Team Selection Test for IMO

The answer is $233625$.

Suppose that the centers of unit squares have coordinates $(i,j)$, where $i=1,2,\dots ,2013$; $j=1,2,\dots ,2013$. The unit square with center at $(i,j)$ will be denoted by $u(i,j)$. Let the marked unit squares be: $u(19k,19l+1)$, $u(19k,19l+2)$, where $1\le k\le 105$, $0\le l\le 105$ and $u(m,19n)$, where $1\le m\le 2013$, $1\le n\le 105$. Then it can be readily seen that the total number of marked unit squares is $233625$, and any sub-square $19\times 19$ has exactly $21$ marked unit squares. Let $k\ge 2$ be a positive integer.

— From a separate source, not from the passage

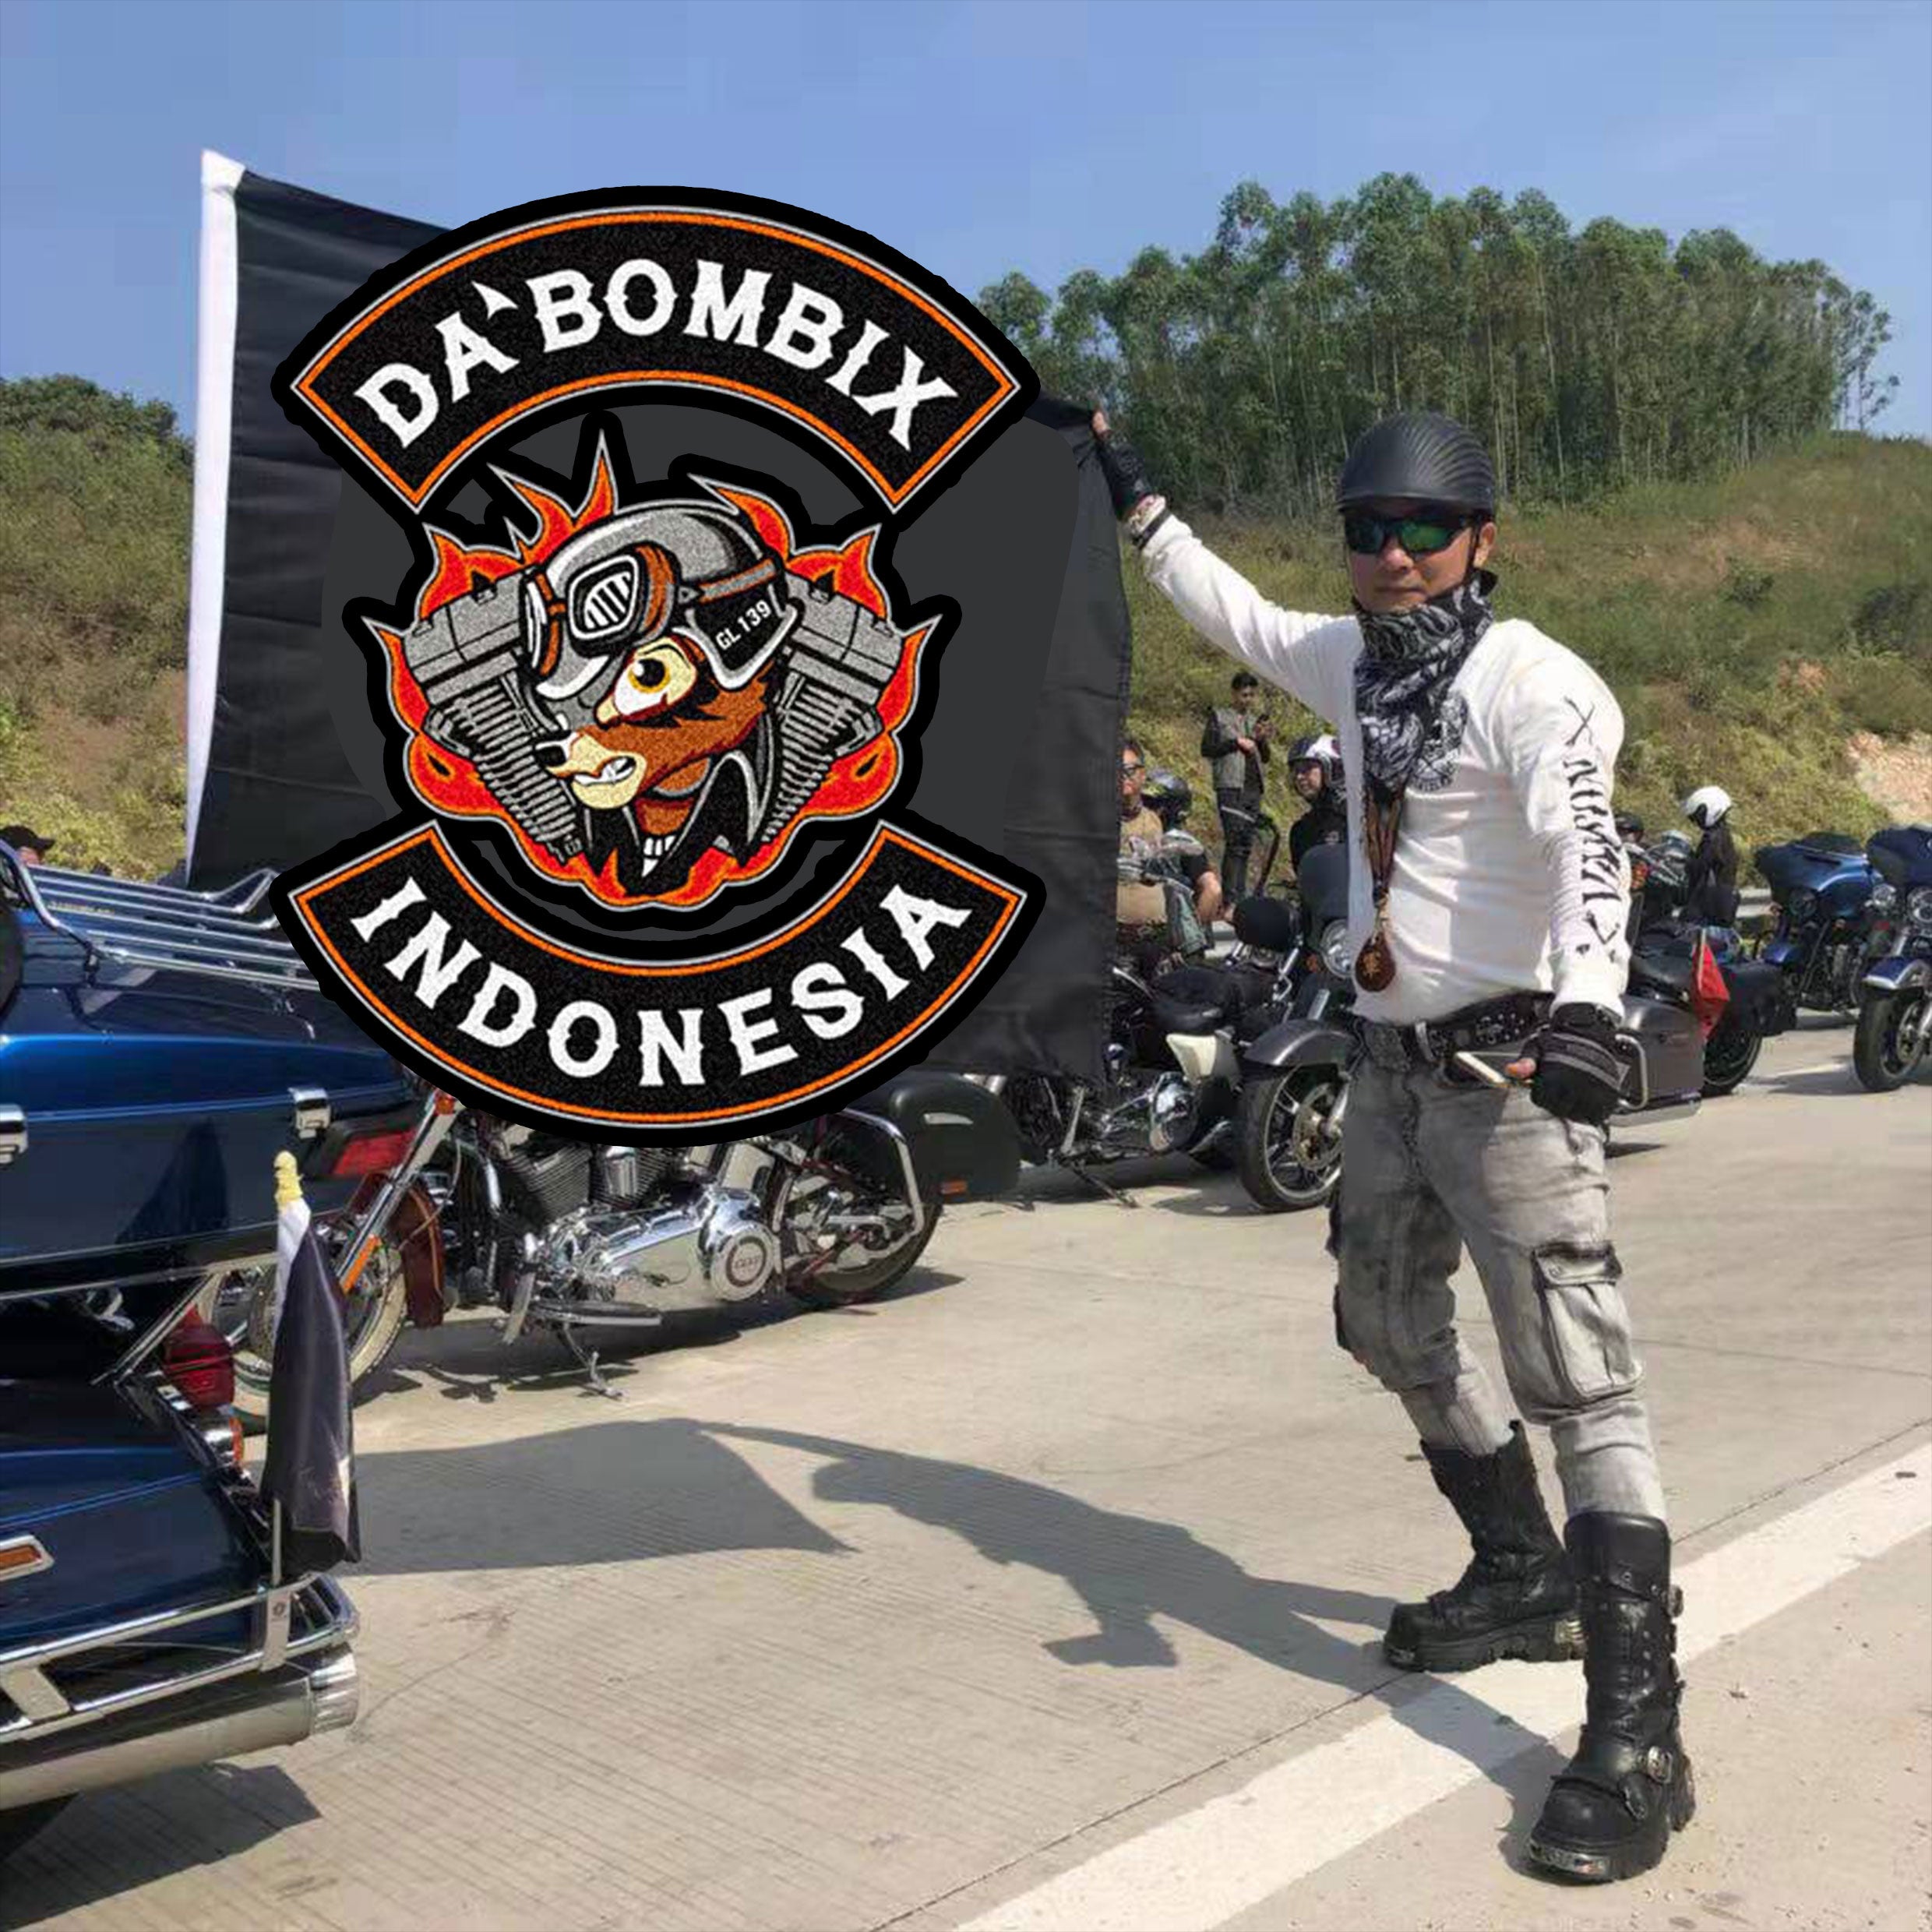 Crafting Unity, Riding in Style: The Da' Bombix Indonesia MC Club Design Story
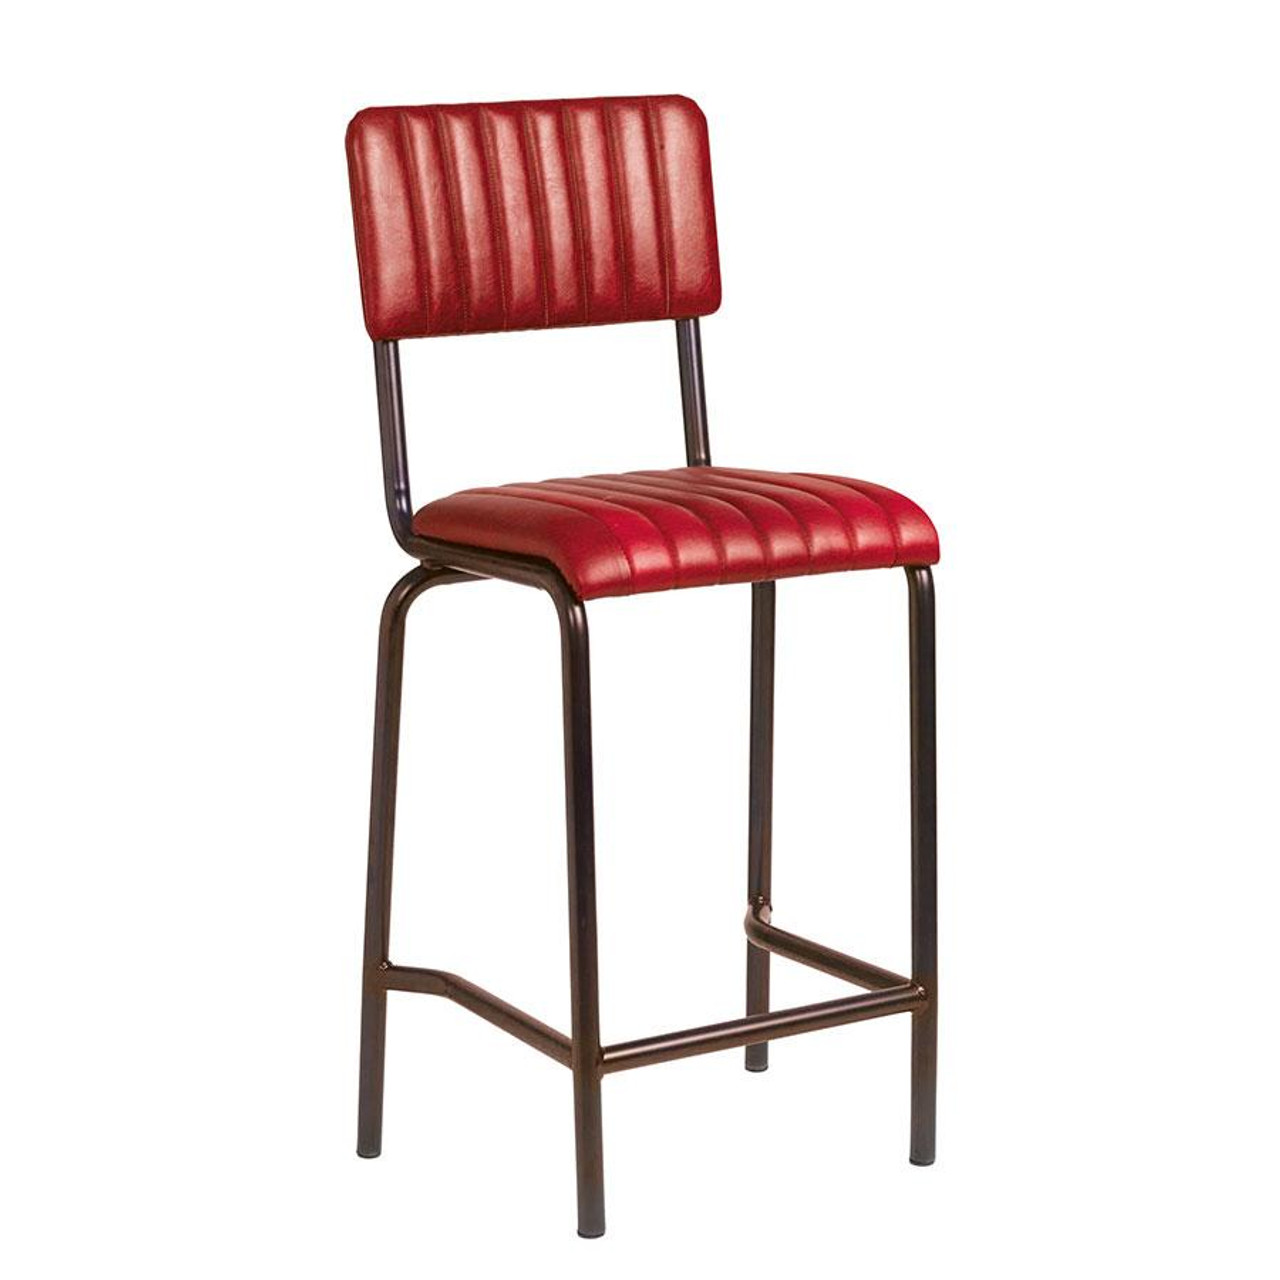 Core Mid Bar Stool Vintage Red - Simply Bar Stools

Now by the method of mathematical induction we show that if any $19\times 19$ sub-square of the grid $(19k-1)\times (19k-1)$ has at least $21$ marked unit squares, then the total number of marked unit squares is at least $M(k)=(k-1)(21k-1)$.

$k=2$. $M(2)=41$. Consider two $19\times 19$ squares: the square consisting all $u(k,l)$, where $1\le k\le 19$, $1\le l\le 19$ and the square consisting all $u(k,l)$, where $19\le k\le 37$, $19\le l\le 37$. Each of these $19\times 19$ squares contains at least $21$ marked unit squares and their intersection is the unit square $u(19,19)$. Therefore the total number of marked unit squares is at least $21+21-1=41$. Done.

Suppose the statement is correct for a $((19k-1)\times (19k-1))$ grid $A$ and consider a $((19(k+1)-1)\times (19(k+1)-1))$ grid $B$. Suppose that $A$ consists of all unit squares $u(i,j)$, where $1\le i\le 19k+18$, $1\le j\le 19k+18$ and $B$ consists of all unit squares $u(i,j)$, where $1\le i\le 19k+18$, $1\le j\le 19k+18$. Let $19\times 19$ squares $U_s$, $s=1,2,\dots ,k$; consist of all unit squares $u(i,j)$, where $19k\le i\le 19k+18$, $19s-18\le j\le 19s$ and $19\times 19$ squares $V_t$, $t=1,2,\dots ,k$; consist of all unit squares $u(i,j)$, where $19t-18\le i\le 19t$, $19k\le j\le 19k+18$. Note that the squares $U_k$ and $V_k$ share a unit square $u(19k-1,19k-1)$, all other pairs of $U_s$ and $V_t$ squares do not share any unit square. Therefore, since the union of $k$ $U_s$ and $k$ $V_t$ squares is a subset of the set $B-A$, the set $B-A$ contains at least $21\cdot 2k-1=42k-1$ marked squares. Thus, by inductive hypothesis $B$ contains at least $=(k-1)(21k-1)+42k-1=((k+1)-1)(21(k+1)-1)$. Done. Since $M(106)=233625$ the solution is completed.